Based on a survey of over 27,000 Muslims, the study said that Left parties and the BJP averaged seven percent of the Muslim vote each.
Sanjeer Alam, who carried out part of the survey, told IANS: “In all 53 percent of Muslims (voted in 2004). Some 37 percent preferred the Congress. Along with its allies, it got 53 percent.”
The study noted that Muslims, the country’s largest minority, voted for all major political parties.
“Muslims vote for different parties depending on regional conditions and local aspirations,” Shireen Moosvi, professor of Indian history at the Aligarh Muslim University, told IANS.
“I don’t think Muslims ever voted en bloc for one single party in India,” she said. “Muslims don’t even form a particular class. Aspirations of a lower class Muslim are different from an upper class in the same city, and they vote accordingly.”
Moosvi also said that though Muslims largely preferred secular parties, they have factored local conditions and rooted for BJP candidates in some areas.
Young Muslims are clear about their aspirations. They want job security, development and safety.
Sadia Khan, 21, who studies at New Delhi’s Jamia Millia Islamia university, feels that economic stability and safety were her prime concerns. “Any Muslim is first an Indian and like every other Indian, development and economic stability is my foremost concern.
“After the Gujarat riots, I would not vote for a party like the BJP which has leaders like Narendra Modi. So, safety is another priority,” Khan told IANS.
Ubaid-ur-Rehman, 29, a PhD scholar in Jamia Millia Islamia, said there was no difference between political parties playing divisive agenda in India and the Taliban.
“The BJP has not dropped its agenda of divisive politics. They are no different from the Taliban. It’s better to keep such parties out of power,” he said.
Muslims also challenge the popular perception that clerics determine whom the community should vote for.
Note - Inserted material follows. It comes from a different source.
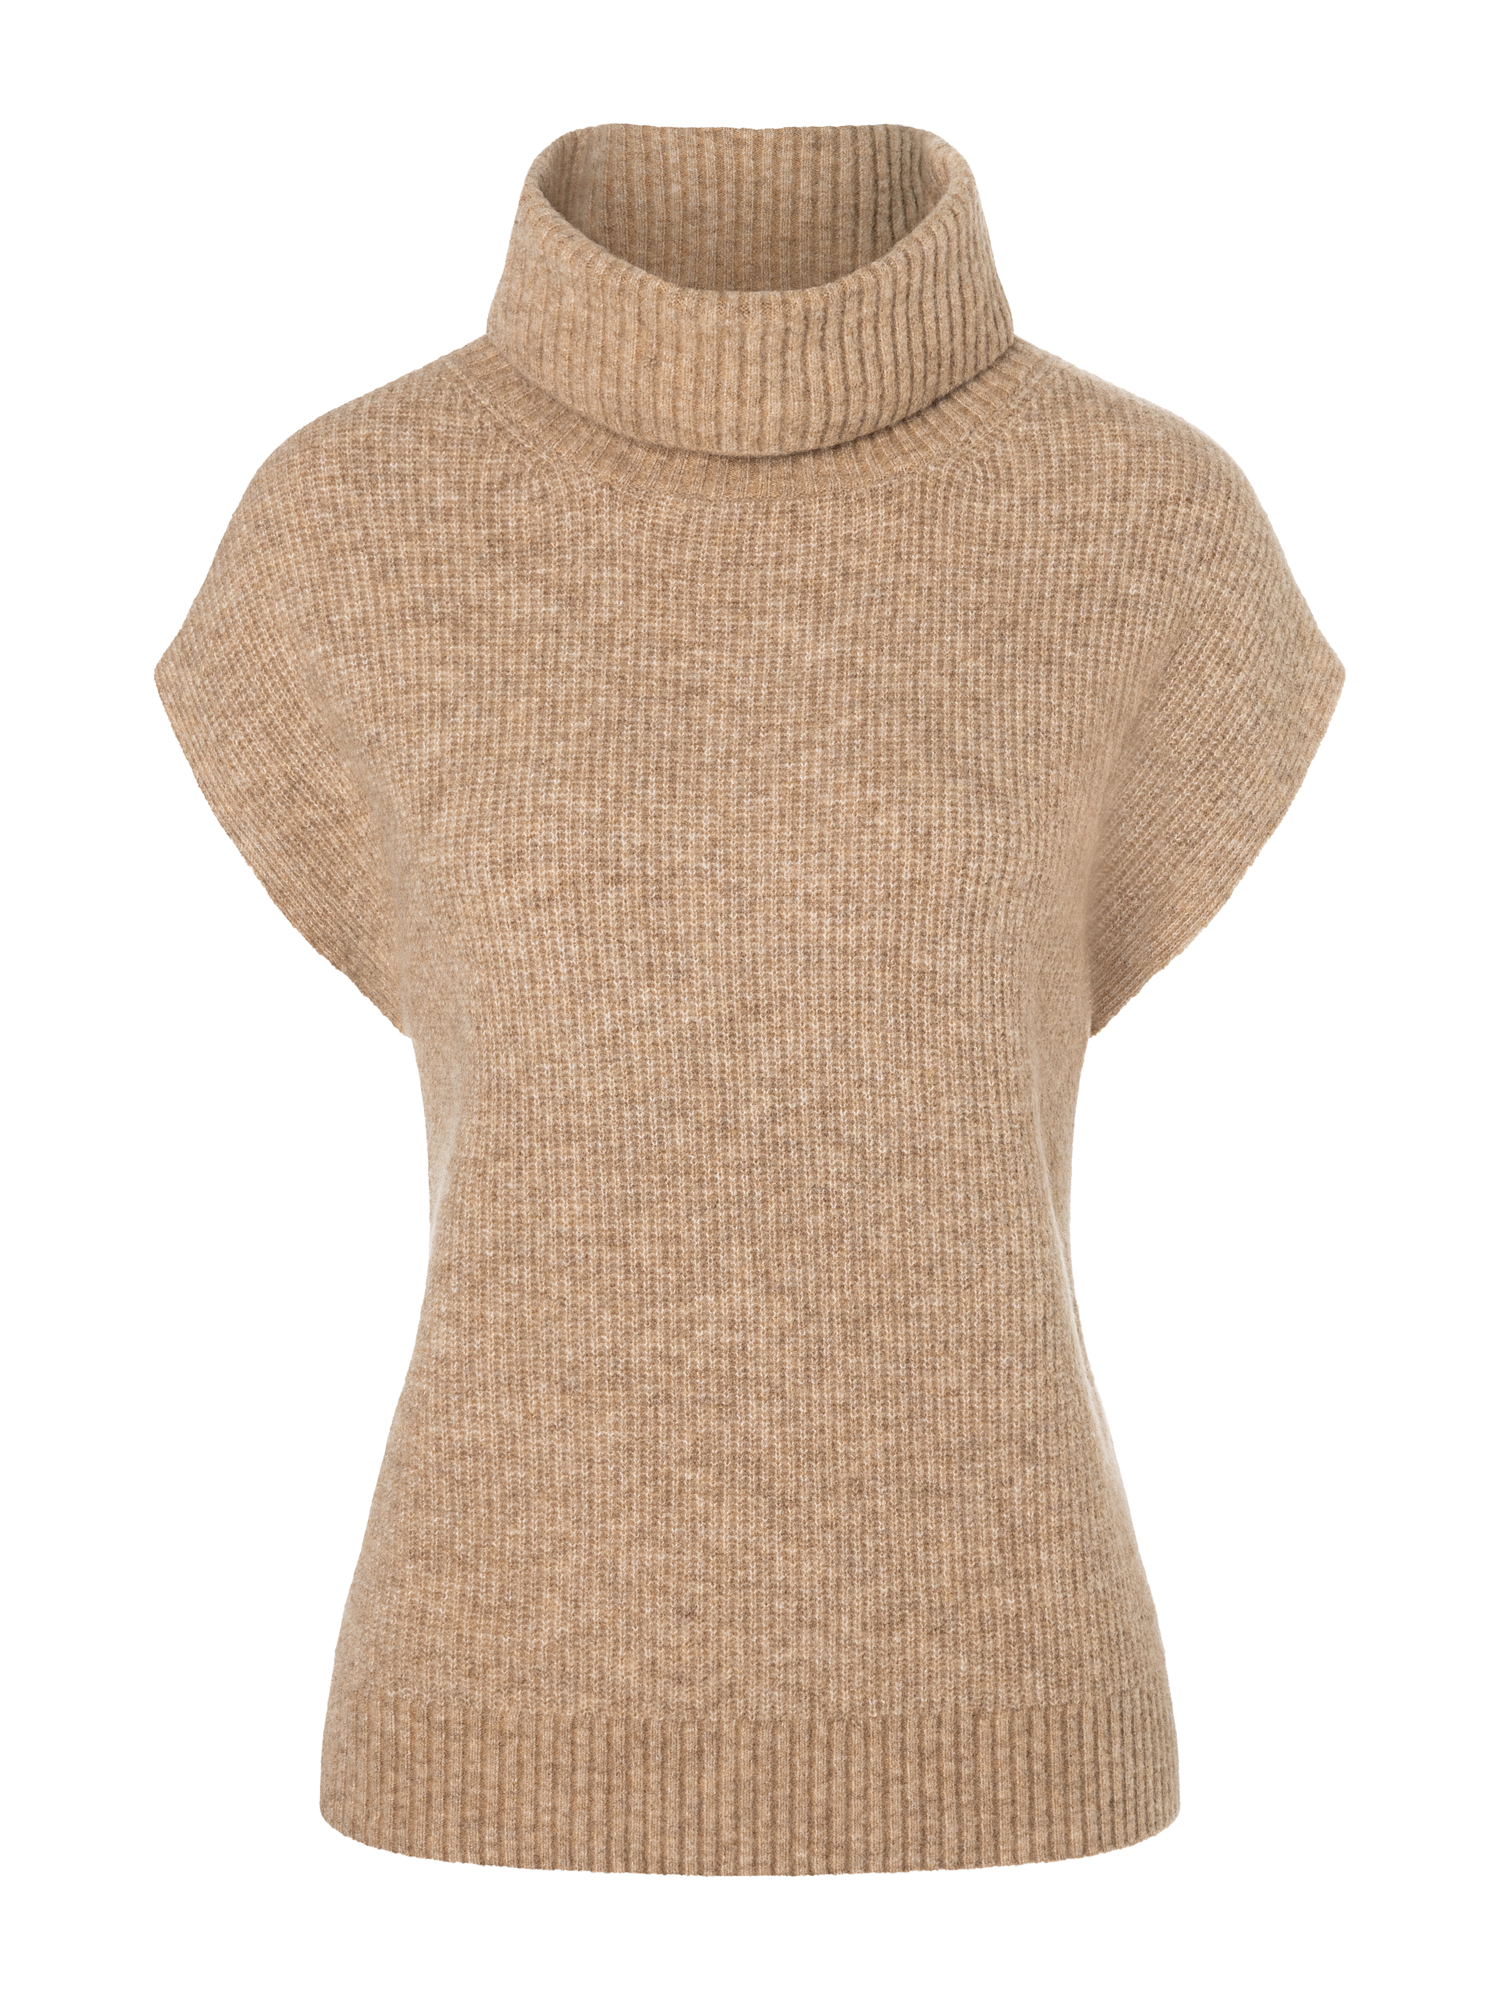 re.draft Knit Turtleneck Sweaters

“We don’t issue any ‘fatwa’ telling them whom to vote for,” Maulana Khaleeq Ahmad Madrasi, pro-vice chancellor of Darul Uloom seminary in Deoband town of Uttar Pradesh, told IANS.
Historian Irfan Habib too feels that local conditions rather than the injunctions of clerics influence the voting decision. “Muslims are not influenced by clerics. Several factors, especially regional conditions, play a major role,” Habib told IANS.
But Muslims complain that they have not been given their due by any ruling party.
Businessman Shahid Ahmad said: “The political parties that have been in power have done little for the community. They are responsible for the pitiable conditions of the community. There is very little representation of the community in the legislature or bureaucracy.”
The 38-year-old Ahmad asked: “With such a track record of our political parties, tell me whom I should vote for?”